Post confession, the two women I was talking to both nodded their head in agreement. I felt some relief knowing that I was not alone in my feeling like someone else should be sitting at the table.

I am more comfortable being outdoors or at a campfire. Drinking out of a metal cup suits me more than a crystal goblet…but there is where the professional ‘stretch’ lies. Getting outside of the comfort zone and into the stretch zone.

Quite honestly, it feels foreign to be the care receiver instead of the care giver. As early childhood educators, we serve others and anticipate their needs. We are delighted at others growth and we happily eat the bread crumbs left after cutting our kids sandwiches into cute shapes. It’s not that we are servants or serfs because we knowingly went to college to do this work. Despite the lower pay and the longer hours, we felt called to be in this field of working with the youngest children. We understand child development and know that toilet training is as important as any other skill or ability that children will acquire. We show up and do the important work because we know that we are building the foundation….but when co-workers or administrators treat us as servants or serfs then bristly conversations occur.

As early childhood educators we have taken on some difficult roles and some that we weren’t quite prepared for:

Difficult phone calls to report concerns to the Child Development Division leave me breathless and shaken. When I began teaching we didn’t have the role of mandated reporter, yet that is part of the job now. Of course we want to ensure the safety of the children, but it’s overwhelming when we see the affects on children from families that are living with adversity.

When I reflect on the honor of holding a mother’s hand as she navigates the system to get her children’s needs met, it is with a responsibility to use my voice to show how the silos are broken to those in charge.

Weathering the storms at school with children with explosive behaviors helped me to realize the deep impact to children when their families are battling addiction or other adversities. Behavior is communication and that we need to help understand what the child is telling us, which is hard to do when we don’t feel like there is a system of support for either the child or staff member.

Though I have read hundreds of books and have tried to synthesize theory to practice, it was not until I was in the classroom and in the thick of it that I realized the enormity of the role that we have assigned to early childhood educators.

At this point in my career, I realize that it takes courage for me to step outside of my comfort zone and push for the changes that I see need to be made in order for children in our community to flourish. I realize that I do have a strong voice for children with years of experience in both public and private programs. Despite my hesitancy and reluctance to become an advocate for children, I can no longer to turn a blind eye to systems, policies, or people that are failing our children.
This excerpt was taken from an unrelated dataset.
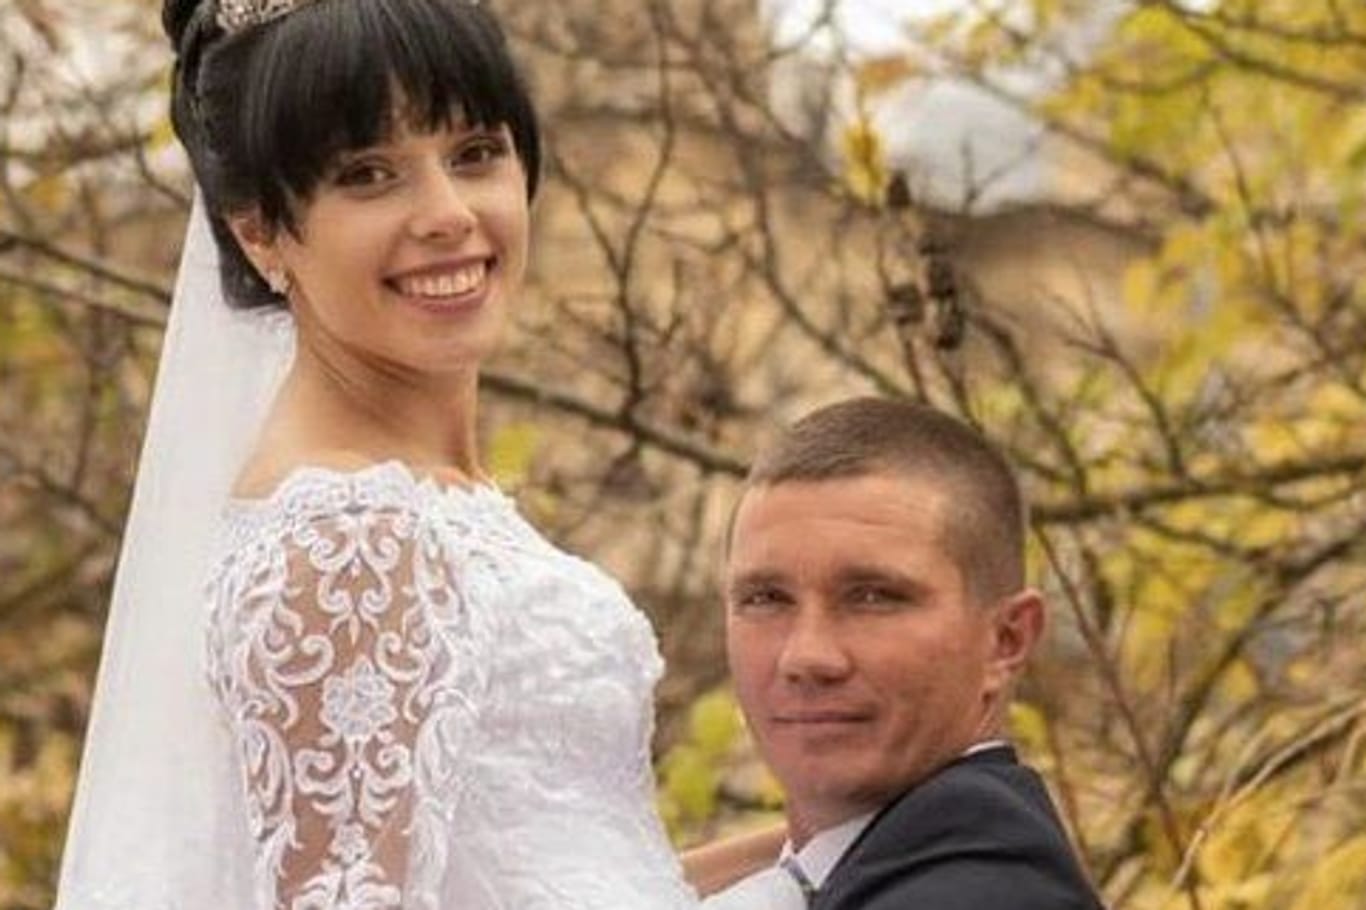 Anastasia und Walerij Saksaganski am Tag ihrer Hochzeit: Wer sich jetzt um die zweijährige Tochter kümmert, ist unklar.

So I will continue on working to know myself, and more importantly, I will keep showing up and keep having heartfelt conversations. I know the strength of celebrating our differences, being respectful, and kind is the way that we create the classrooms and neighborhoods that we want to live in. Yet, there is an urgency in our work to advocate for what we know our children need.

I acknowledge that this seat at the table is meant for me. And good news, there is space for you too! Pass the chocolate…we’ve got some hard work to do!